The same technology is making headlines in the professional sports industry. Major League Baseball is now providing live game video feeds online to desktop baseball fans all over the world. In order to protect local TV broadcast rights in the 26 major league cities, MLB.TV uses geolocation provider Quova, a Mountain View company that innovates this technology, to block viewers in certain cities from seeing certain games. With all the legal “bases” covered, MLB is able to access a whole new market of fans. And other providers of digital content, such as movies and music, are able to leverage geolocation solutions in similar ways to enable their own business models to produce new revenues.

A newly emergent application for geolocation is network security. IT security experts must execute a difficult balancing act in attempting to deny network access to external intruders while providing it to employees, partners and customers.

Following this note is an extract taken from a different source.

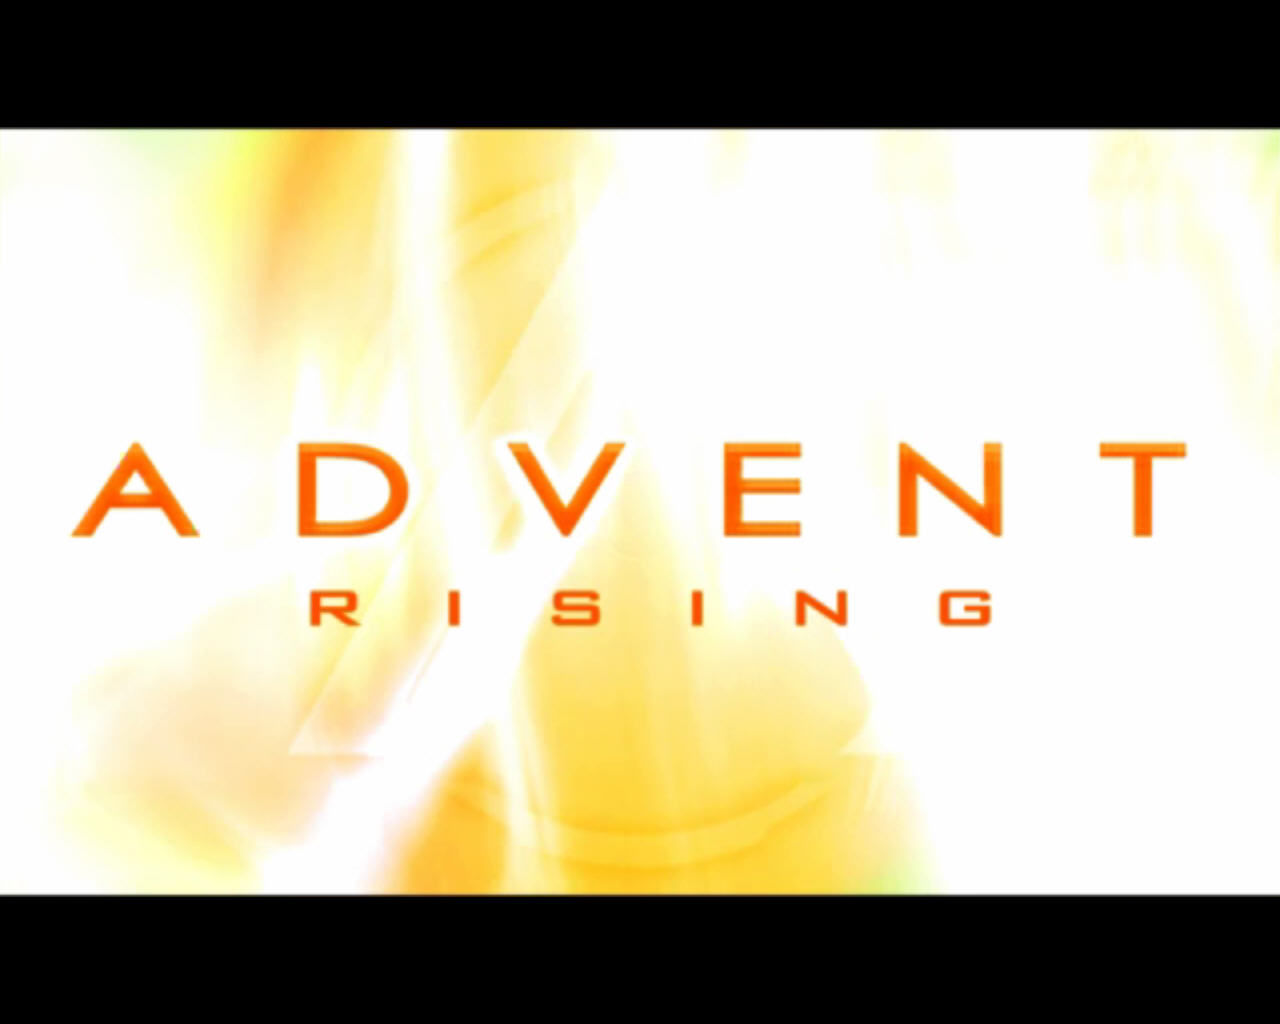 Advent Rising - Microsoft Xbox Game

Real-time geolocation data can be leveraged as a network watchdog to provide a first-alert intrusion alarm based on the geographic location of the potential intruder. At the same time, geo-data is also a valuable tool for authenticating rightful users and allowing them the ready access they need. And when a hacker or fraud purveyor does attempt to penetrate the network, geolocation data can be employed in a forensic role to investigate breaches and improve preparations for future attacks.

Successful e-commerce in the 21st century requires a digital strategy that includes the best available technology. A well-armed website can extend the reach and revenue opportunities of any enterprise by generating customer loyalty, providing market access and streamlining business processes – old-fashioned business principles that were the keys to success long before the Web ever existed. Geolocation, with its ability to target customers, prevent fraud and maximize new opportunities, is a technology that should be a weapon in the arsenal of every online enterprise.